ADVICE RATING |
    5.00 (Highly recommend) from 22 votes (117 Visits) |
Growing up I loved hearing things like "well done" "I'm proud of you" and "You're really good at that" It gave me a warm bubbly feeling inside.
Yes, Kids can be annoying, irritating and tireing at times and Yes, sometimes its hard to
be calm and think rationally on 2 hours sleep but try try to be positive when dicaplining your child. I see parents telling their children off for being naughty far too often, and hardly ever see them praising their children for good behaviour. Or when their child can't acheive something like riding a bike with out training wheels instead of getting frustrated try being positive and saying things like you can do it, you can do anything if you put your mind to it.
The idea to write this advice came from some recent personal experience, We have a new tree house. Its high up and to get down you need to come BACKWARDS dow a ladder.. scary stuff for a four year old. Jess had climbed up and down a few times but sliped as she came down the last time and she did not want to climb back up again. she was terrified that she may fall again. But eager to play with her older sister she climbed back up again but when it came to time to climb down again she just couldnt do it.. to scared. My partner had to climb up and drag her out of the tree house kicking and screaming as she didnt want to get down and it was getting late.

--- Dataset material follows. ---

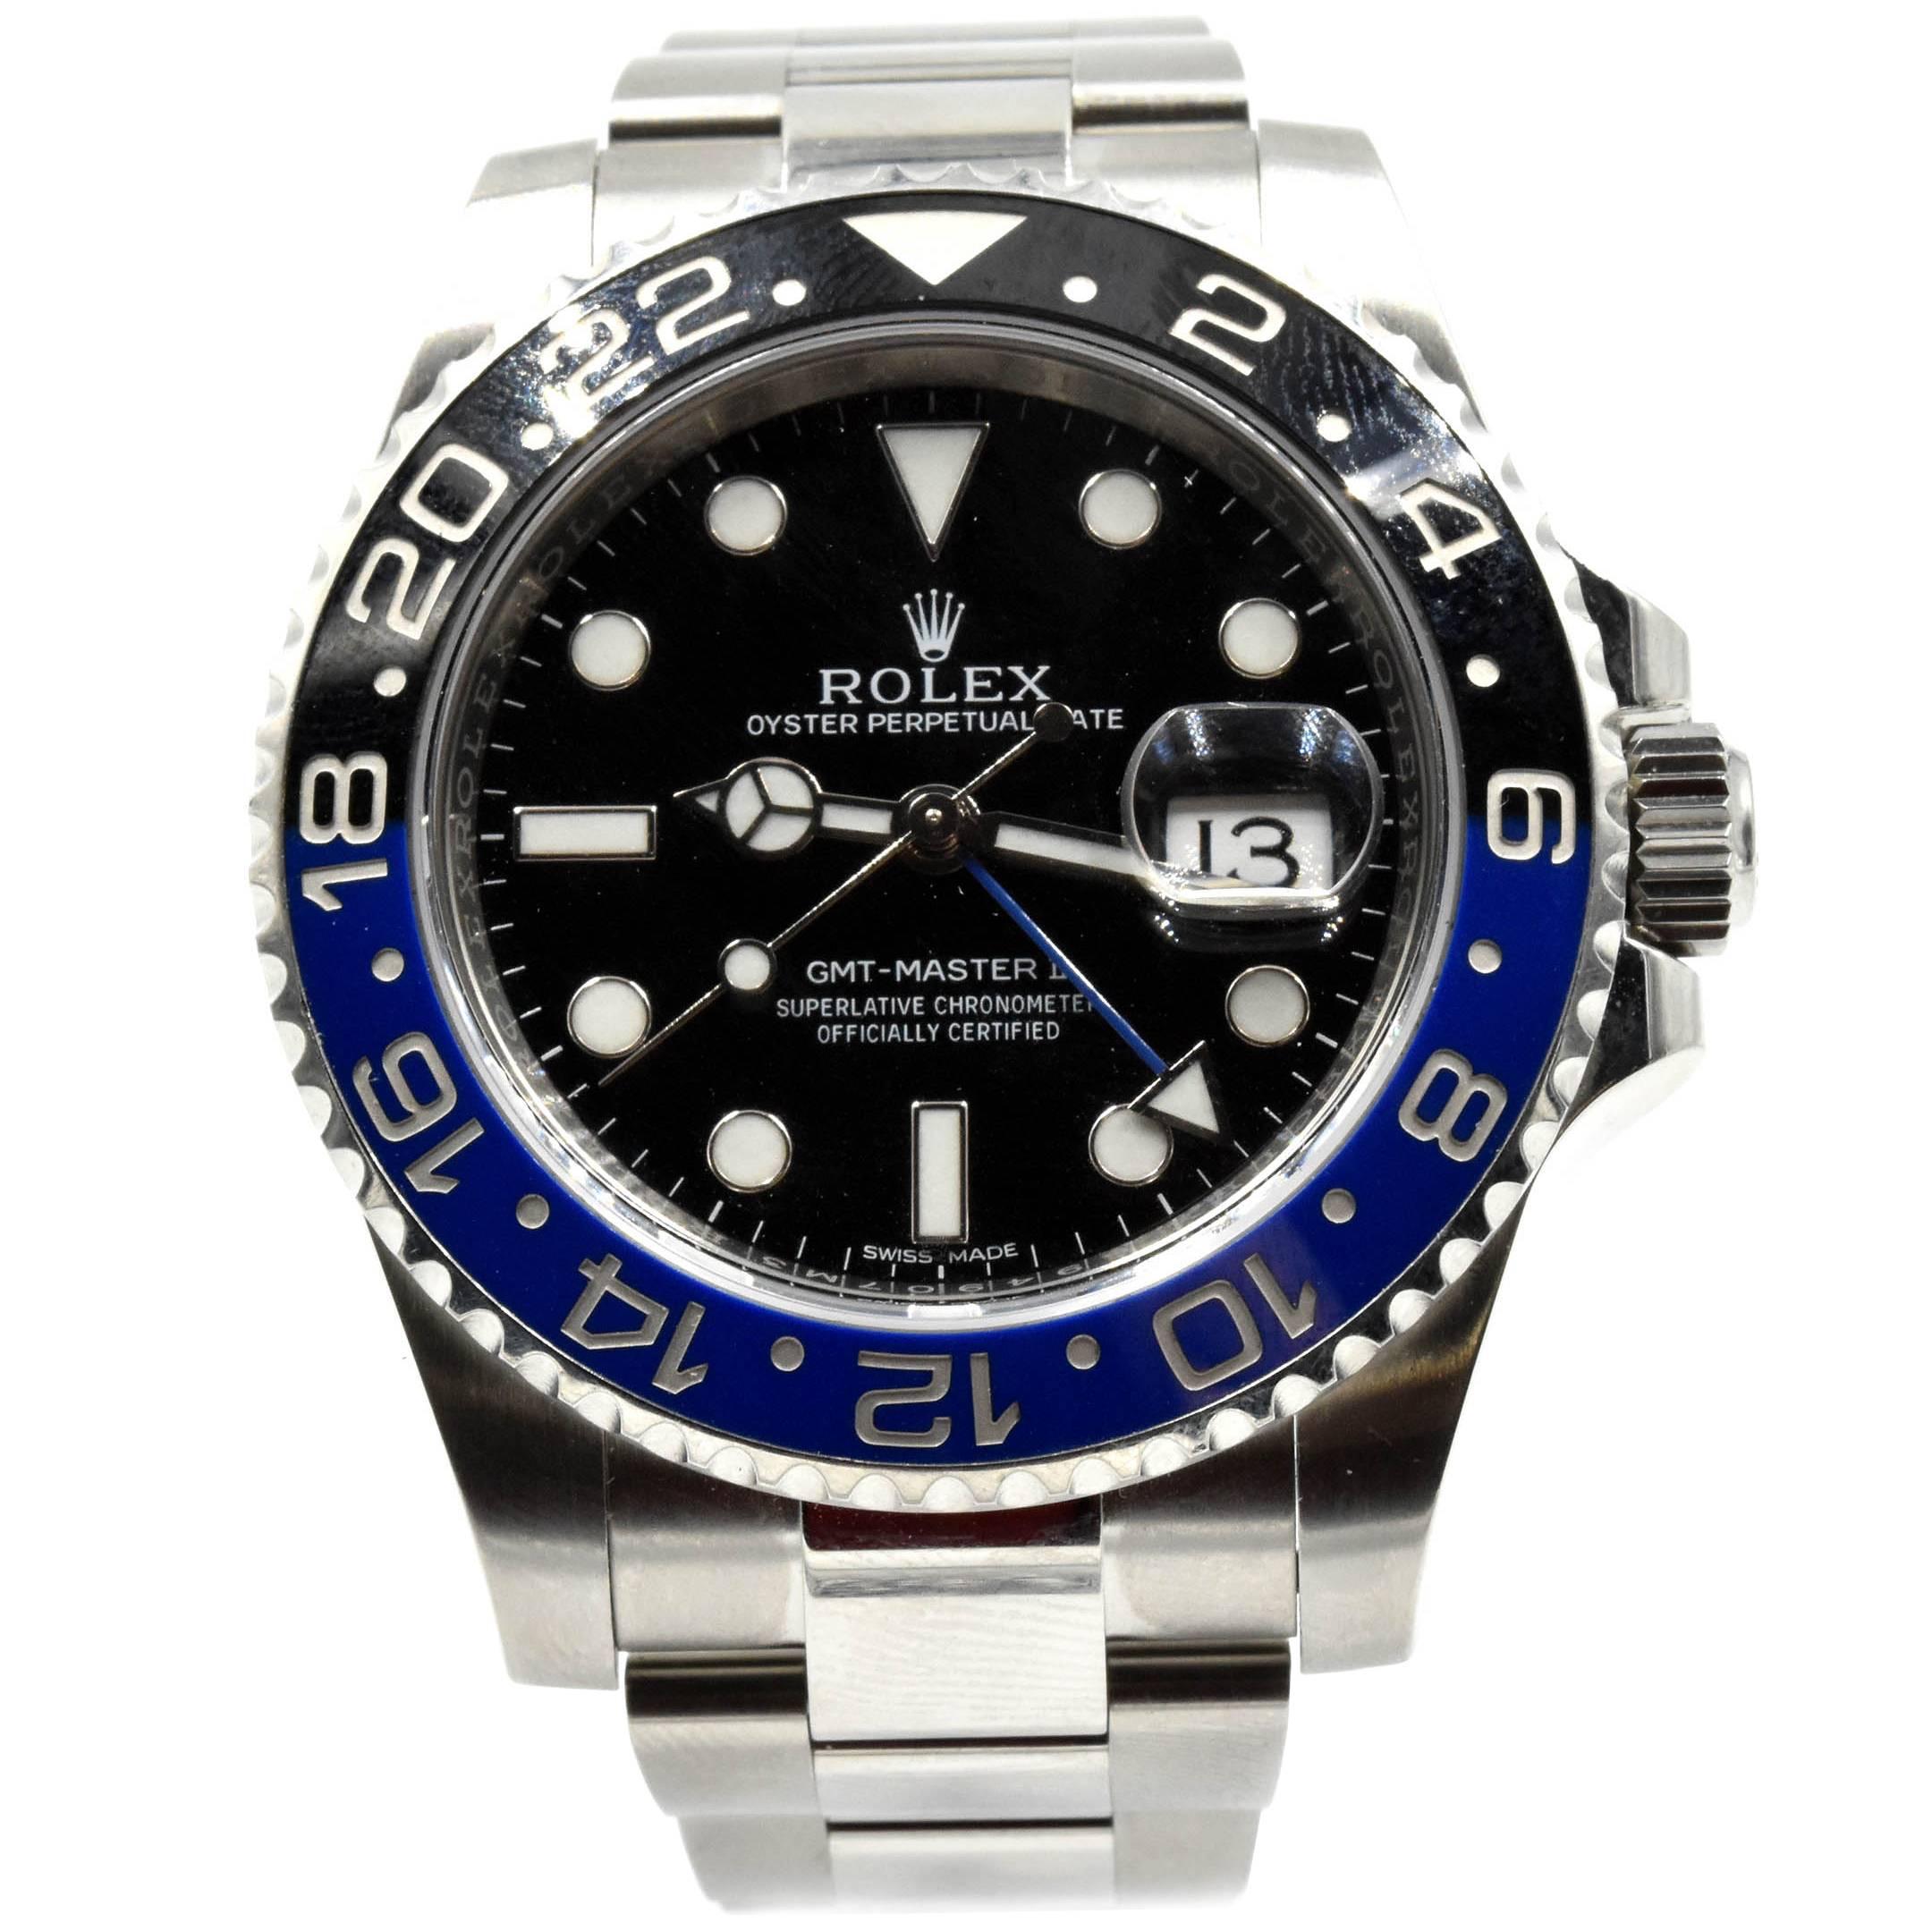 Rolex Stainless Steel GMT Master II Batman Black Dial Wristwatch Ref 116710 BLNR

Over the next few days My partner tried to get her to climb up the tree but everytime he told her to she would run away or cry. He became frustrated after spending 2 weeks building the treehouse he wanted her to be able to use it but to him it seemed like she wouldnt even try it. He said, Jess stop being a sook. At this stage I pulled him aside and explained if we ever want jess to have the confidence to be able to do it we need to make it a POSITIVE experience for her. We agreed to build up her confidence by telling her "ITS OK THAT YOU CANT DO IT, WE LOVE YOU , AND ONE DAY YOU WILL BE ABLE TO DO IT" .
We left it for a few days, but reminded her that if she wanted to try it we'd be there for her. Then to our suprise she climbed up all by her self. We made a big deal about if telling her how brave she was and clever. Her smile was ear to ear. She loved knowing we were proud.
I think if you want something its better to go about it nicely then to be grumpy. Kids respond better to positive words.
If we take more time to praise them for being good and less time telling them of when they are bad they will be better behaved and you wont feel like the big baddie all the time!